Nächster Punkt: Förderung für den Breitbandausbau durch Landes-, EU- und Bundesmittel. Dies geschieht, wie schon beschrieben, mit Hilfestellung zum Abruf. Da ist das Land auch aktiv.

Schließlich die Forderung nach einer Gigabit-Strategie – einer Strategie für die nächsten zehn Jahre. Und genau das hat Wirtschaftsminister Duin Ende letzten Monats hier vorgestellt. Wir haben einen Plan für die nächsten zehn Jahre, wie der Glasfaserausbau vorangetrieben werden soll.

Meine Damen und Herren, die Forderungen der Wirtschaft in diesen Punkten sind richtig. Viele von ihnen sind bereits bearbeitet oder sogar umgesetzt. Es bleibt also festzustellen: CSU-Minister Dobrindt strickt Förderprogramme so, dass Nordrhein-Westfalen benachteiligt wird. Die SPD-geführte Landesregierung hat seit 2010 viele Unterstützungsmaßnahmen für schnelles Internet auf den Weg gebracht, sodass NRW Breitbandland Nummer eins aller Flächenländer ist. Und NRW hat als erstes Bundesland eine Gigabit-Strategie für die Jahre bis 2026 auf den Weg gebracht.

Die Redezeit.

Das kann sich sehen lassen. Wir stehen wesentlich besser da als dieses Bild, das Sie hier zeichnen wollen, Herr Wüst. – Vielen Dank.

(Beifall von der SPD und den GRÜNEN)

Vielen Dank, Herr Kollege Vogt. – Für die FDP spricht Herr Kollege Bombis.

Guten Morgen, Frau Präsidentin! Meine sehr verehrten Damen, sehr geehrte Herren! Dass noch nicht einmal 3 % der Mittel aus der zweiten Förderrunde im Rahmen des Breitbandprogrammes des Bundes nach Nordrhein-Westfalen fließen, ist in der Tat ein Problem. Vor diesem Fakt können wir uns doch nicht verstecken.

(Beifall von der FDP)

Dass die Landesregierung das grundsätzlich ähnlich sehen muss, zeigt sich doch schon daran, dass es ursprünglich in den festgesetzten Mitteln zur Kofinanzierung völlig anders geplant war. Daher ist es in der Tat ein Problem. Es ist natürlich auch ein Problem,

dass damit die mageren 7 % aus der ersten Förderrunde sogar noch unterboten werden.

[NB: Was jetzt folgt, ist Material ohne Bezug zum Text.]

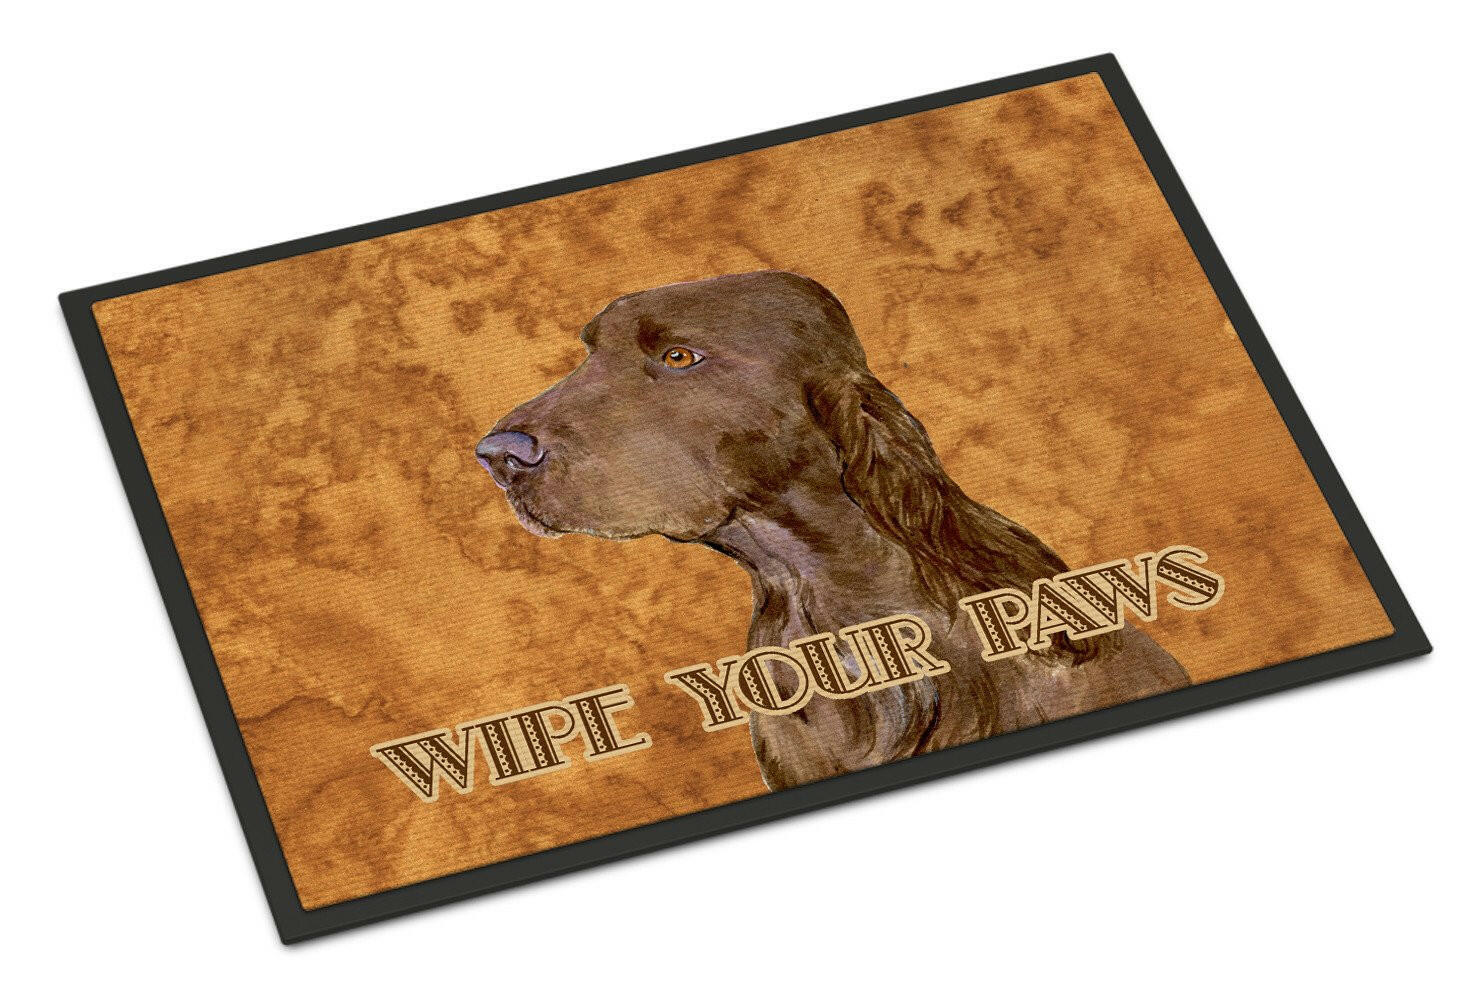 Field Spaniel Wipe your Paws Indoor or Outdoor Mat 24x36 SS4879JMAT - the-store.com
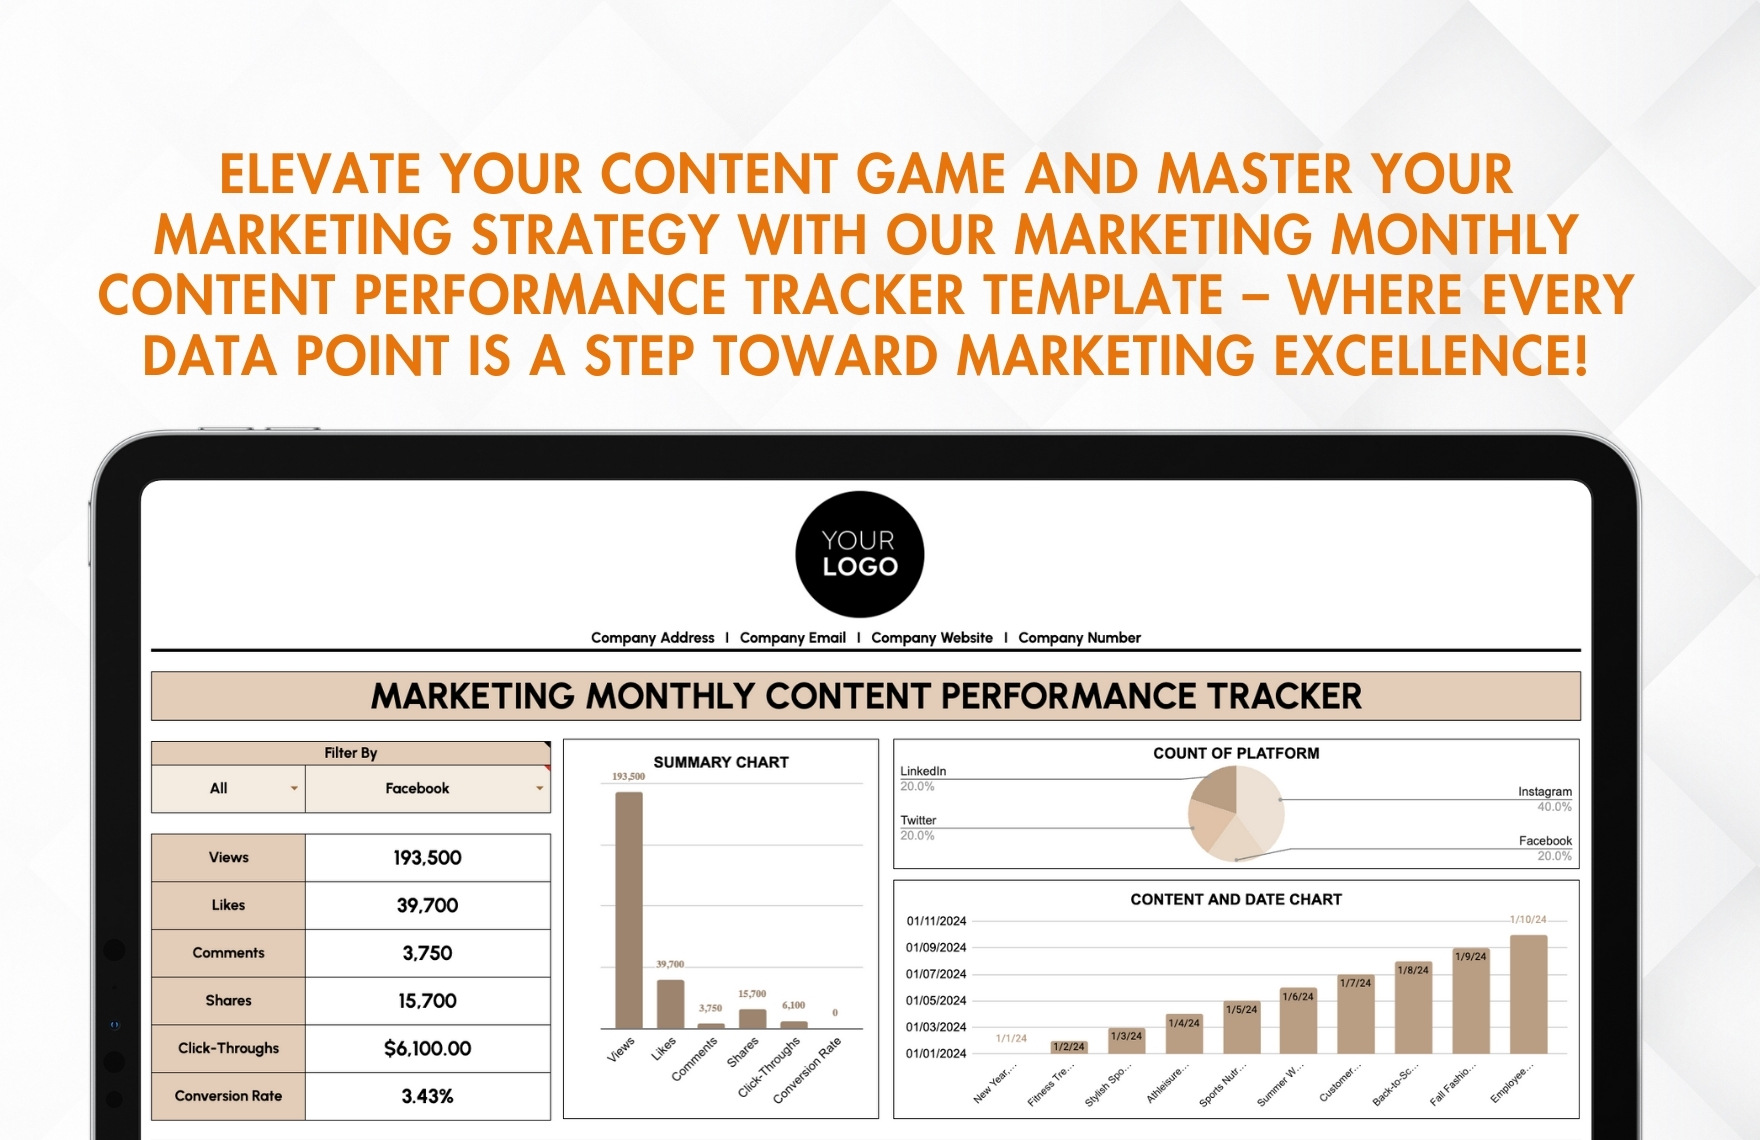 Marketing Monthly Content Performance Tracker Template

Diese Landesregierung hat nicht nur keine eigenen Maßnahmen zum Breitbandausbau, die sie in ausreichender Weise ergreift. Sie hat es vor allen Dingen versäumt, in ausreichender Weise die Kreise und Kommunen dabei zu unterstützen, die Einwerbung von Fördermitteln wirklich realisieren zu können.